**INSTRUCTIONS TO FOLLOW**
Drop the images; return everything else in the listing below exactly.

**COLLECTED DATA**
========

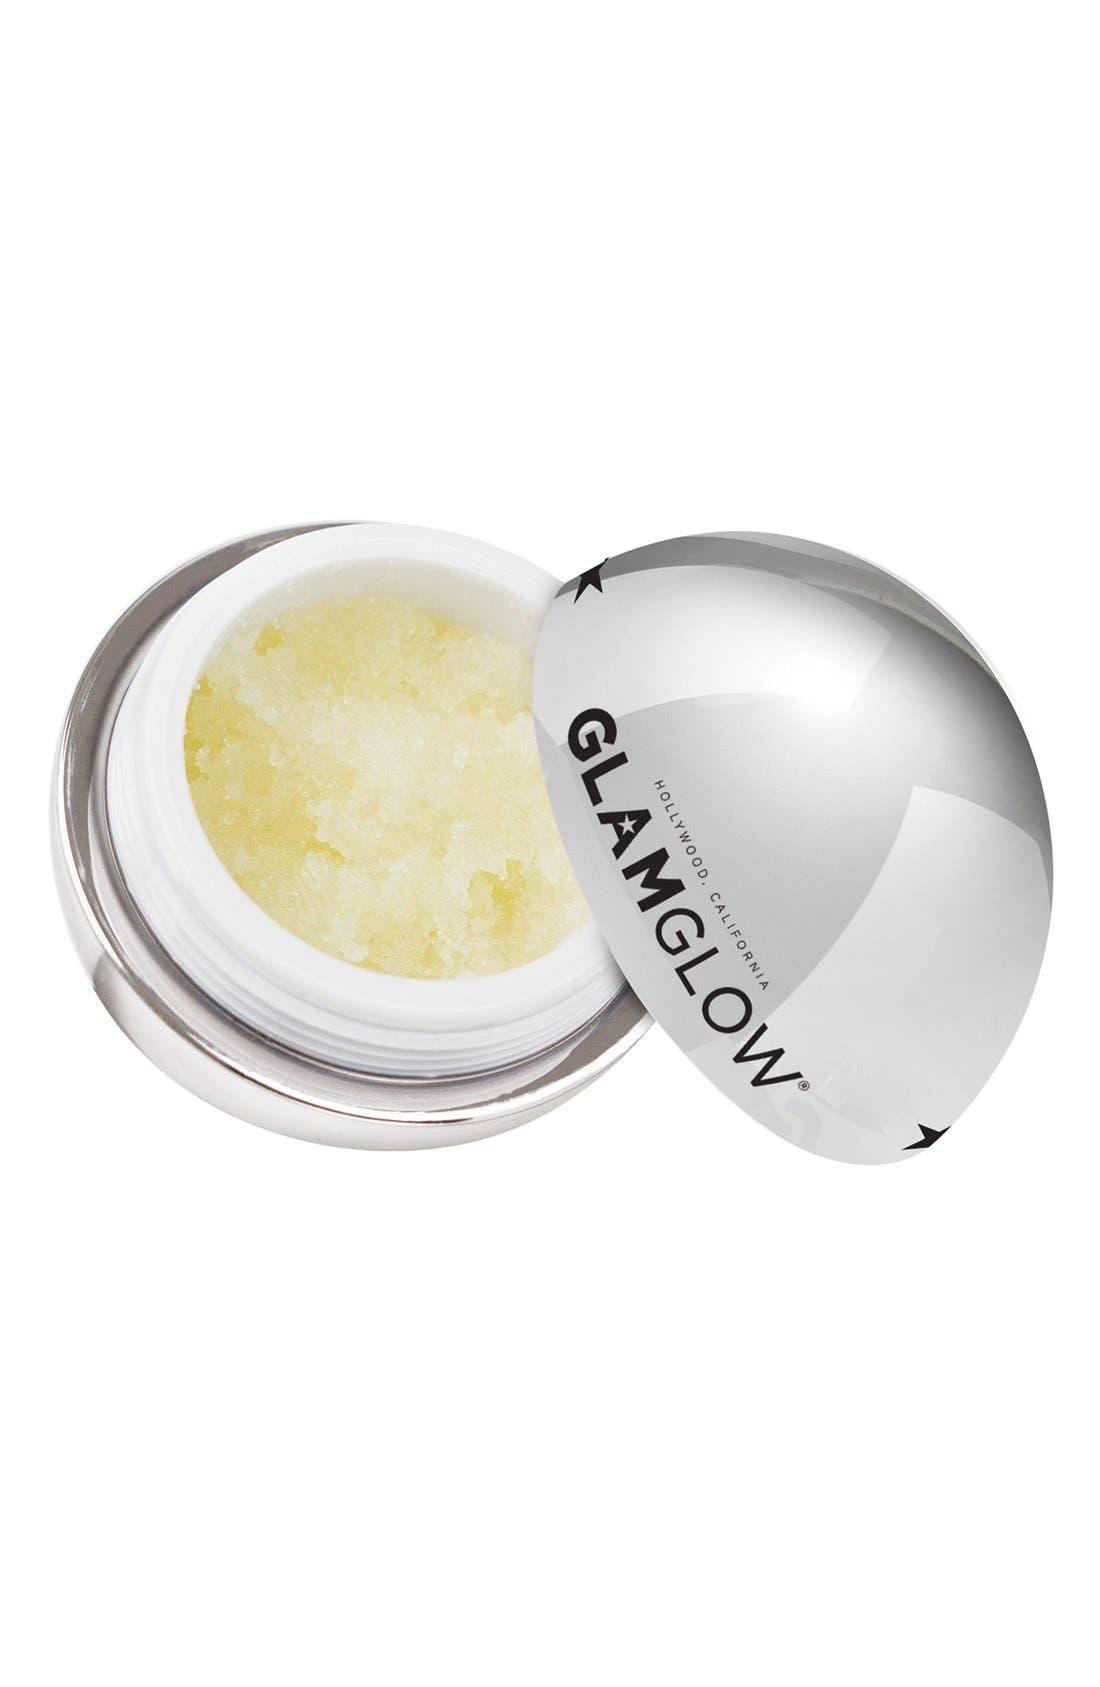 POUTMUD<sup>™</sup> Fizzy Lip Exfoliating Treatment,                             Main thumbnail 1, color,                             NO COLOR
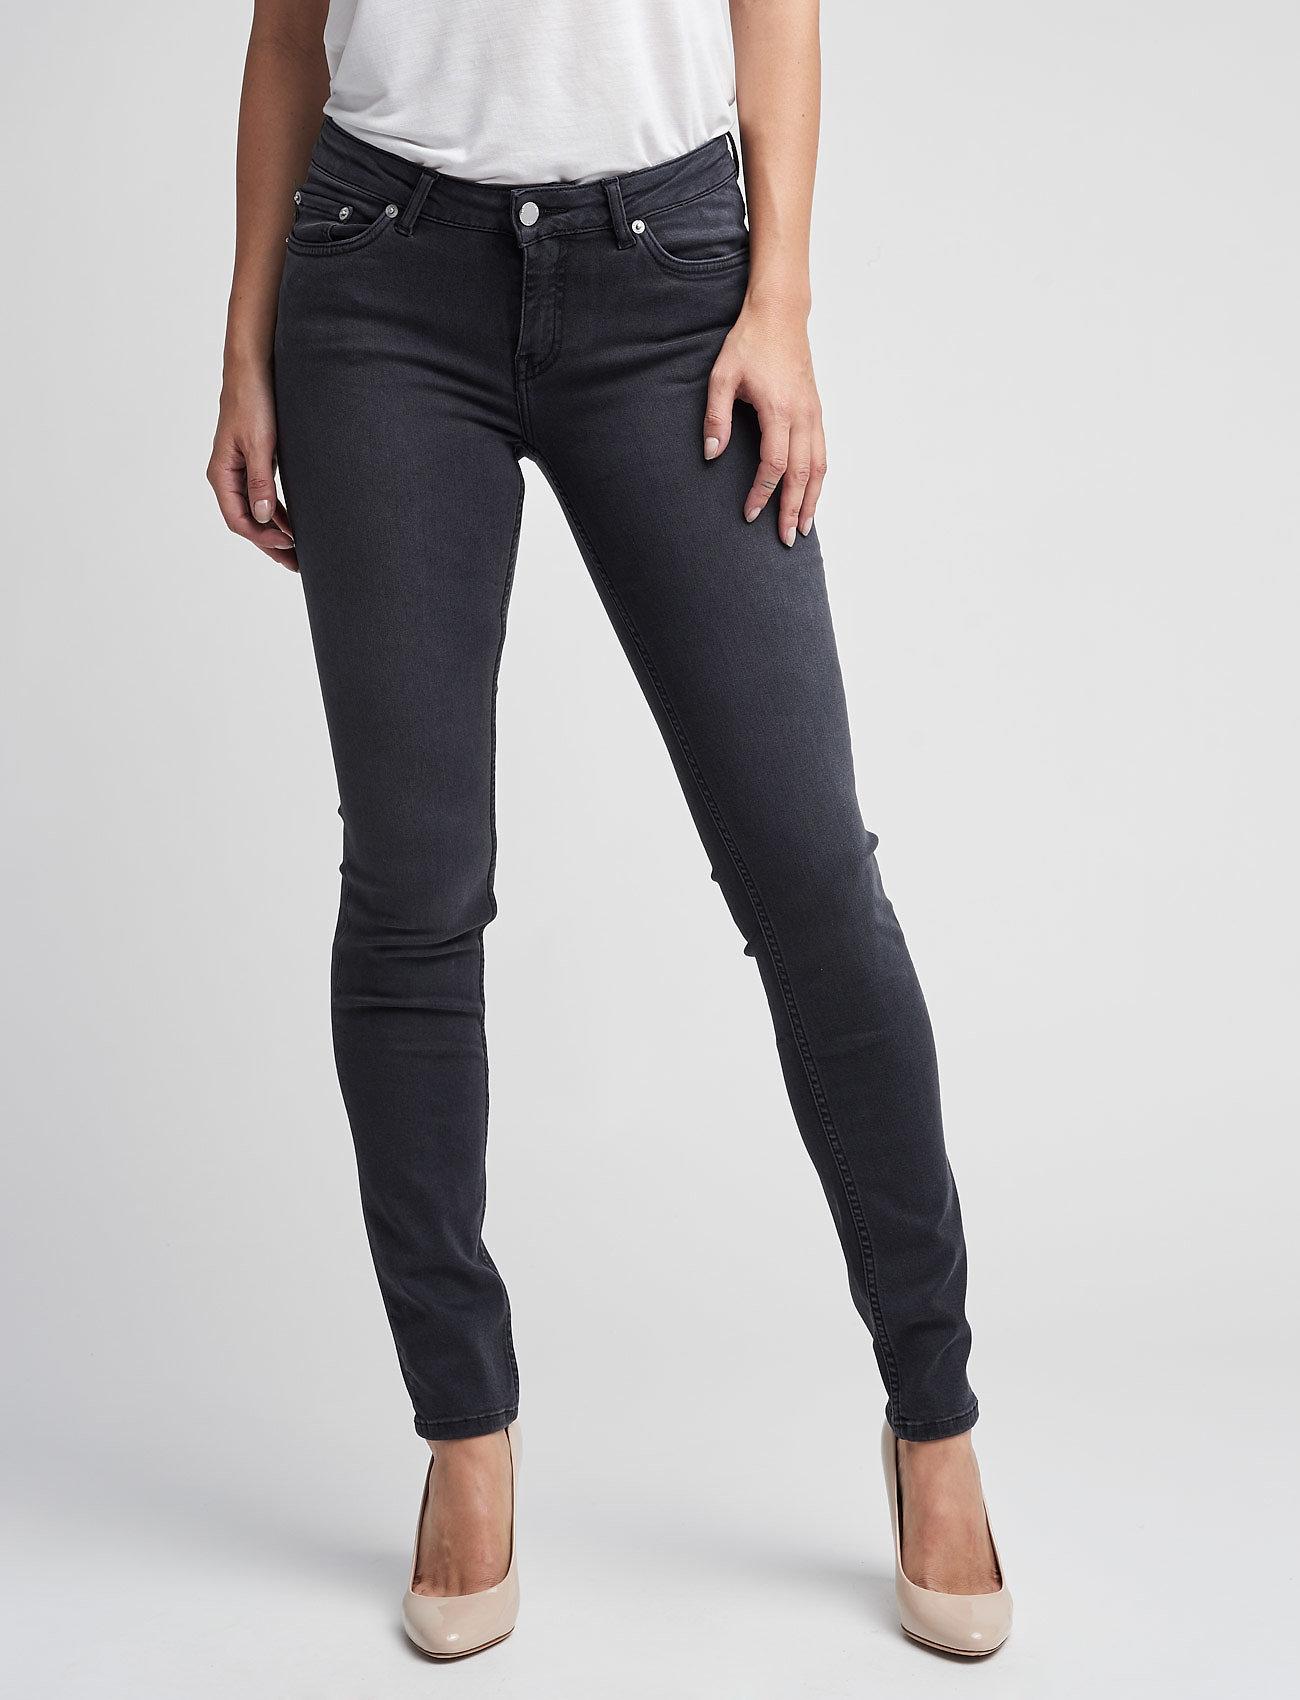 26grace BlackBlk 26grace Jeans 26grace Jeans BlackBlk Jeans BlackBlk Dnm Dnm Dnm BlackBlk 26grace Jeans ZkiuPX
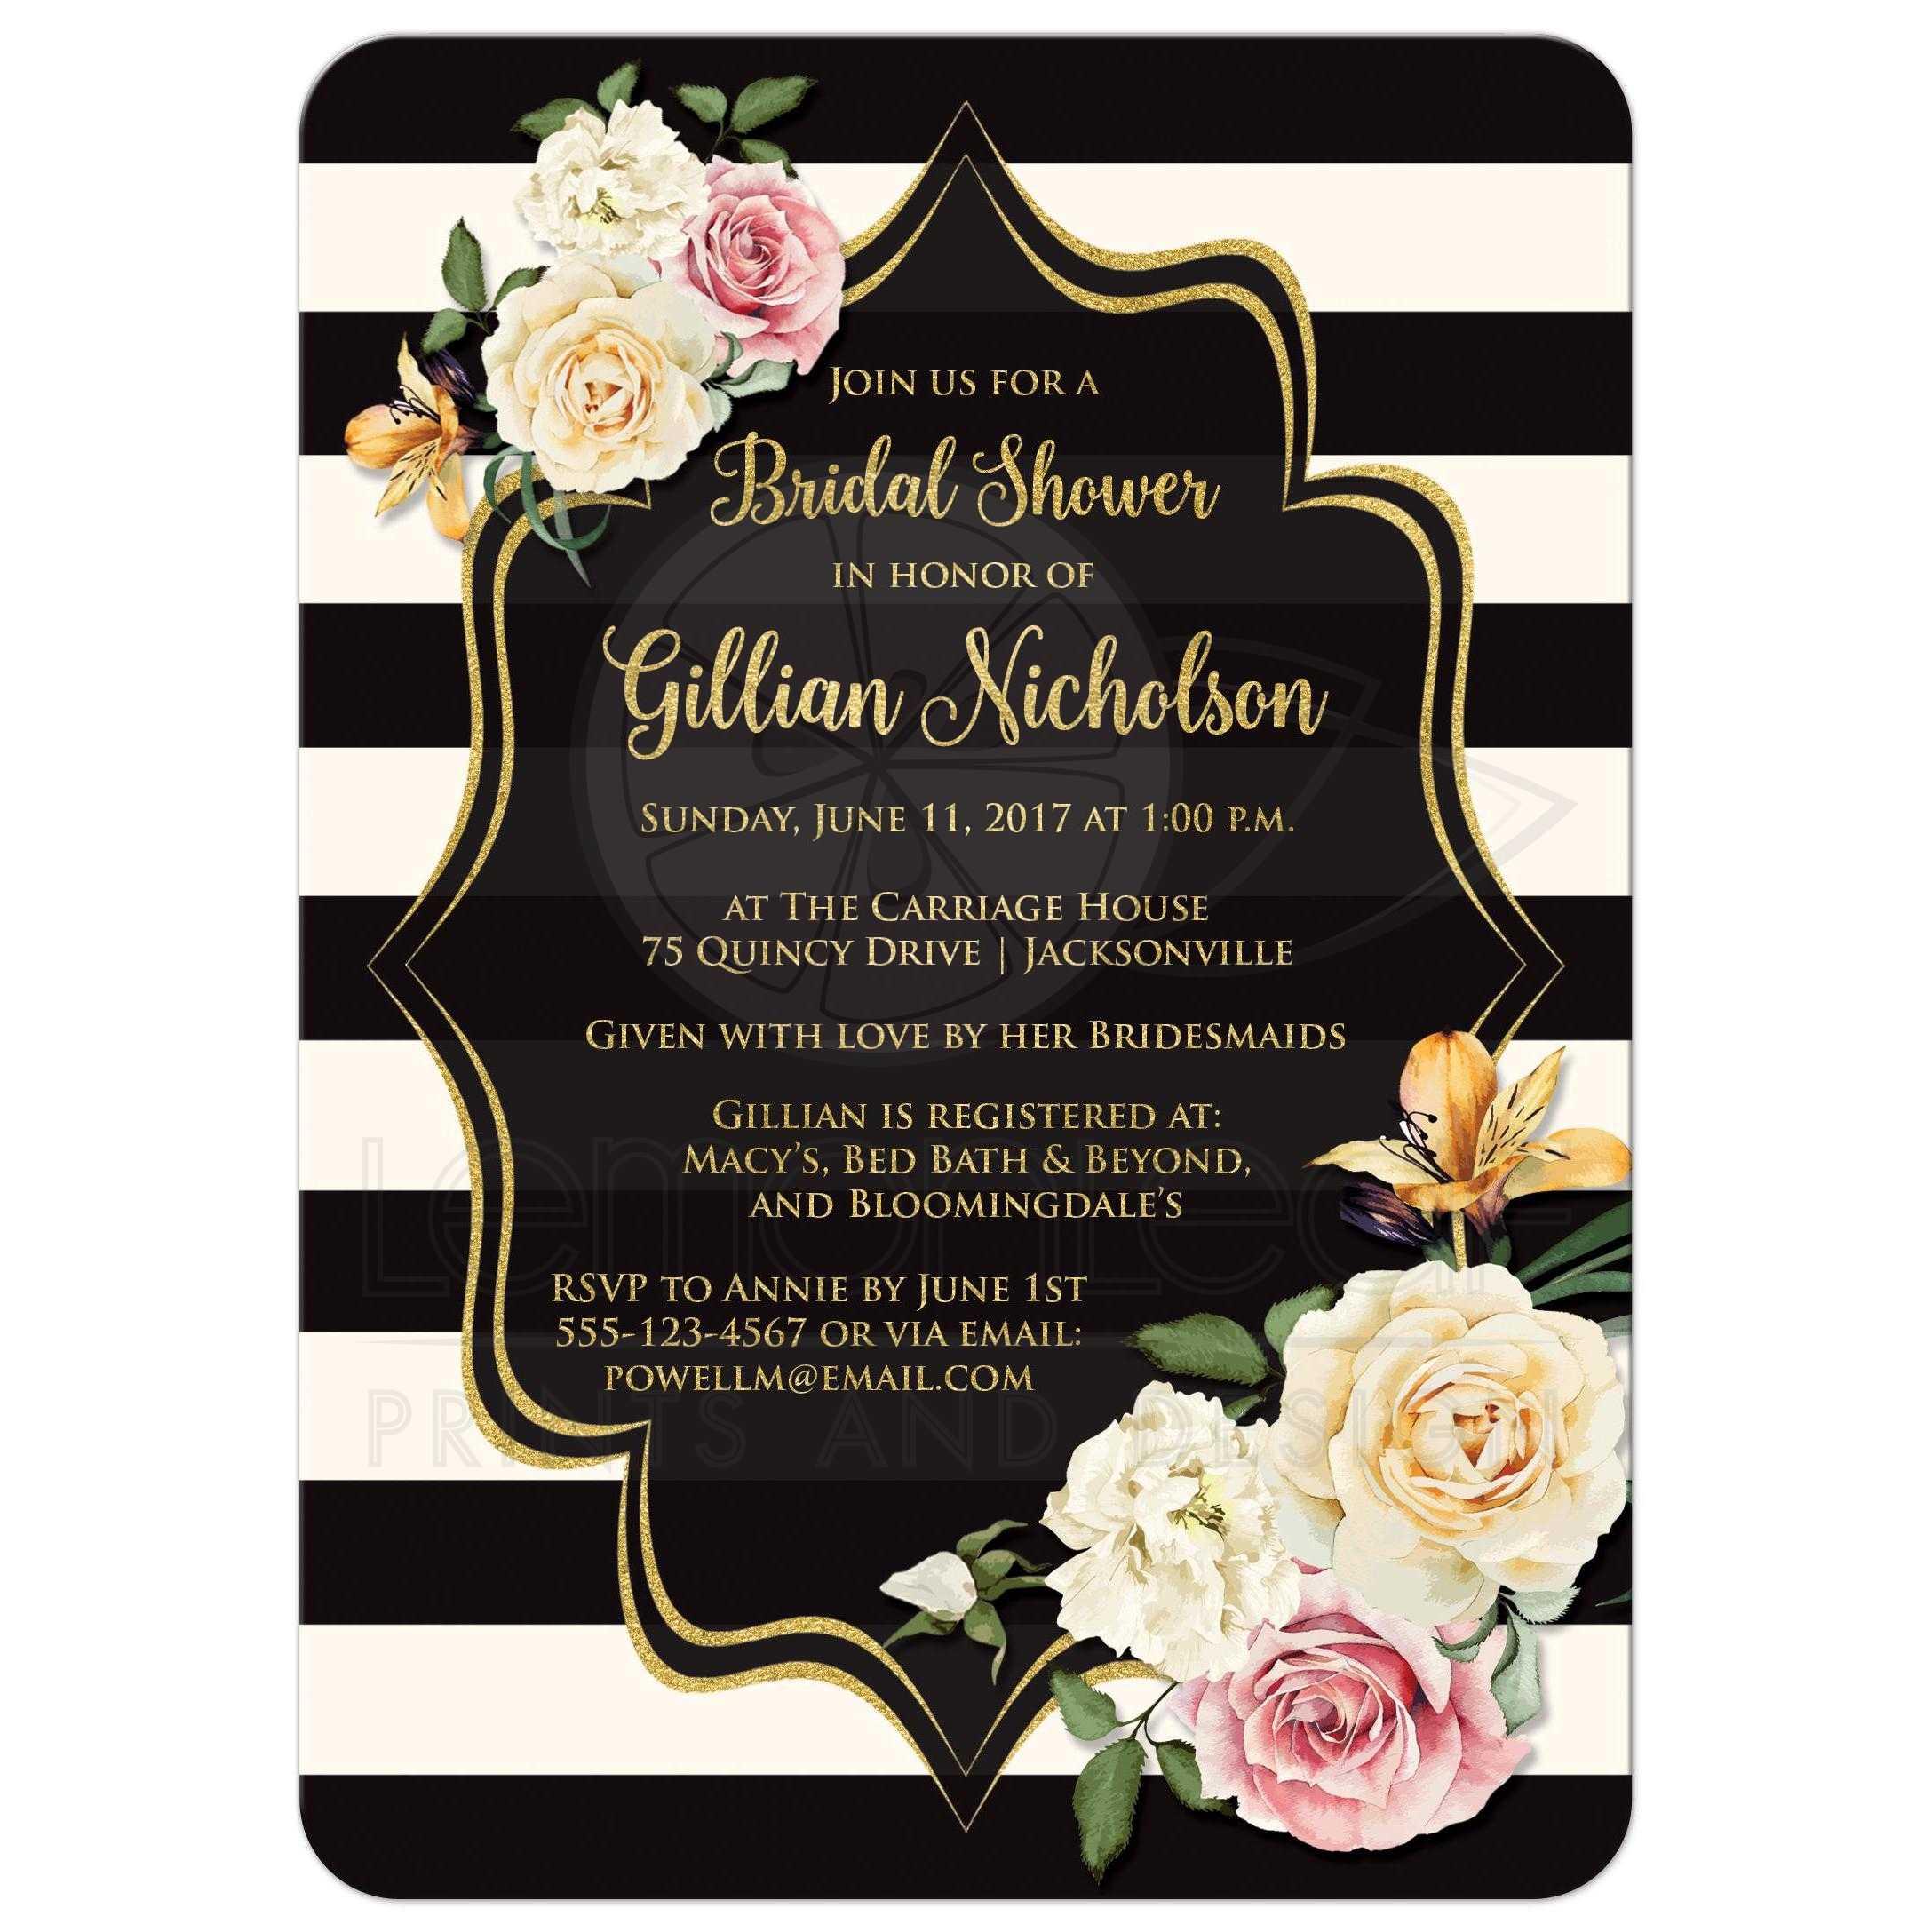 Bridal Shower Invitation | Black, Ivory Stripes | Vintage Floral, Simulated Gold Foil

========

**EXERCISE RESULT**
 POUTMUD<sup>™</sup> Fizzy Lip Exfoliating Treatment,                             Main thumbnail 1, color,                             NO COLOR
 26grace BlackBlk 26grace Jeans 26grace Jeans BlackBlk Jeans BlackBlk Dnm Dnm Dnm BlackBlk 26grace Jeans ZkiuPX
 Bridal Shower Invitation | Black, Ivory Stripes | Vintage Floral, Simulated Gold Foil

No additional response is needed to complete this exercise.